Overview of the genome assembly workflow used for assessing the effect of read length and data volume and the workflow used for optimal Knightia excelsa genome assembly construction
2. MATERIALS AND METHODS
2.1. Sample collection
Knightia excelsa (rewarewa) is an endemic tree of Aotearoa, mostly found on the North Island, and common in coastal, lowland and lower montane habitats. This evergreen tree species can grow up to 30 m tall, and bears dark green serrated leathery leaves and dense racemes of red flowers. K. excelsa's genome size was estimated to be 1.15 pg per 1C using flow cytometry.

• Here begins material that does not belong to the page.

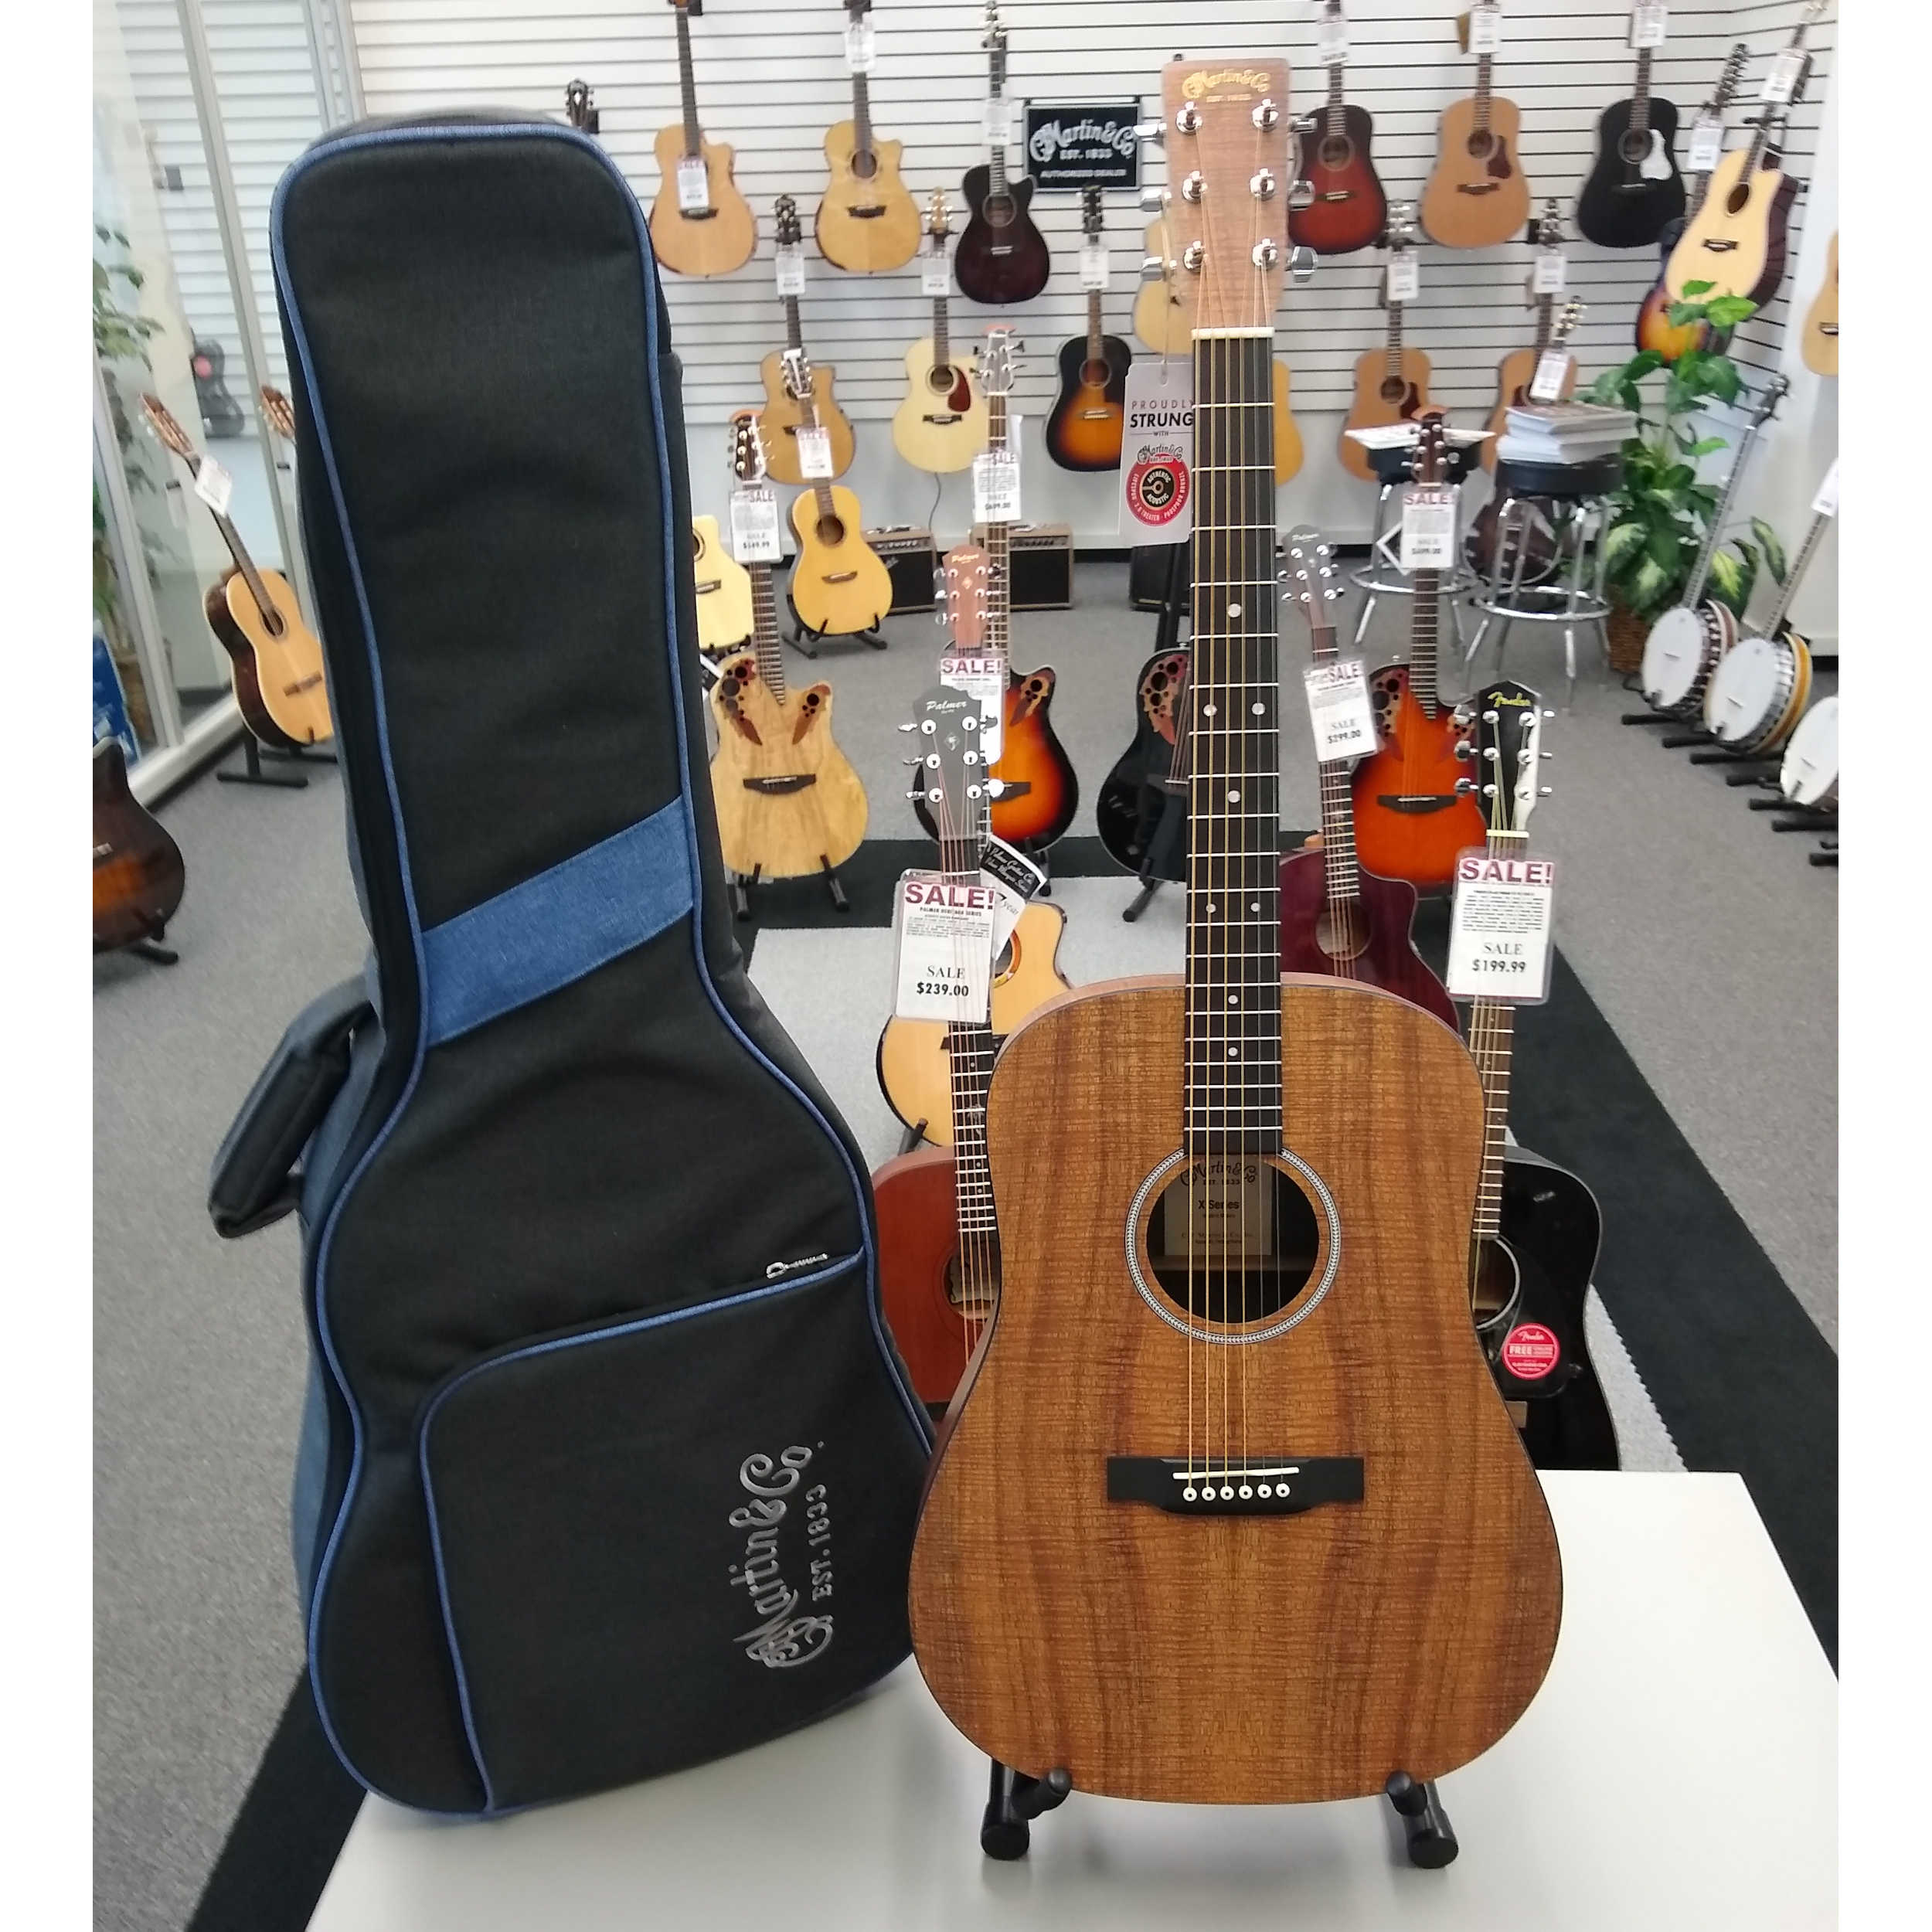 Martin DX1E KOA Acoustic Guitar

The single K. excelsa tree selected for this project grows in the Warawara Forest, Northland, Aotearoa (Lat. ±4 m 35°22′1.9″S, Long. ±4 m 173°16′5.4″E, altitude 440 m). The leaves were collected in November 2018, authorized by the Te Rarawa Anga Mua and the Komiti Kaitiaki for Warawara Ngahere. At the time of collection, the tree was about 3 m tall, growing in full sun, isolated from other trees, and colonizing a bulldozed site along with Lycopodiella cernuua, Leucopogon fasciculatus and Blechnum novae‐zelandiae beneath it. The tree has deep magenta flowers and was fruiting at the time of sample collection. The tree had two trunks from the same base. One trunk was 4 cm in diameter at 1.35 m above the ground and the other was 2 cm in diameter at 1.35 m above the ground. The combined cross‐sectional area at breast height was 15.7 cm2. The leaves sampled were undamaged leaves without visible fungal infections that ranged in size from 8 to 12 cm long by 2 to 3 cm wide. Two leaf samples were collected (~20 and ~30 g).
The leaves were collected aseptically and packed in a sealable plastic bag, placed inside a Styrofoam box with crushed ice, and protected from ice burn by a stack of paper towels. The sample was delivered within 2 days after collection and stored at −80°C upon arrival at the laboratory.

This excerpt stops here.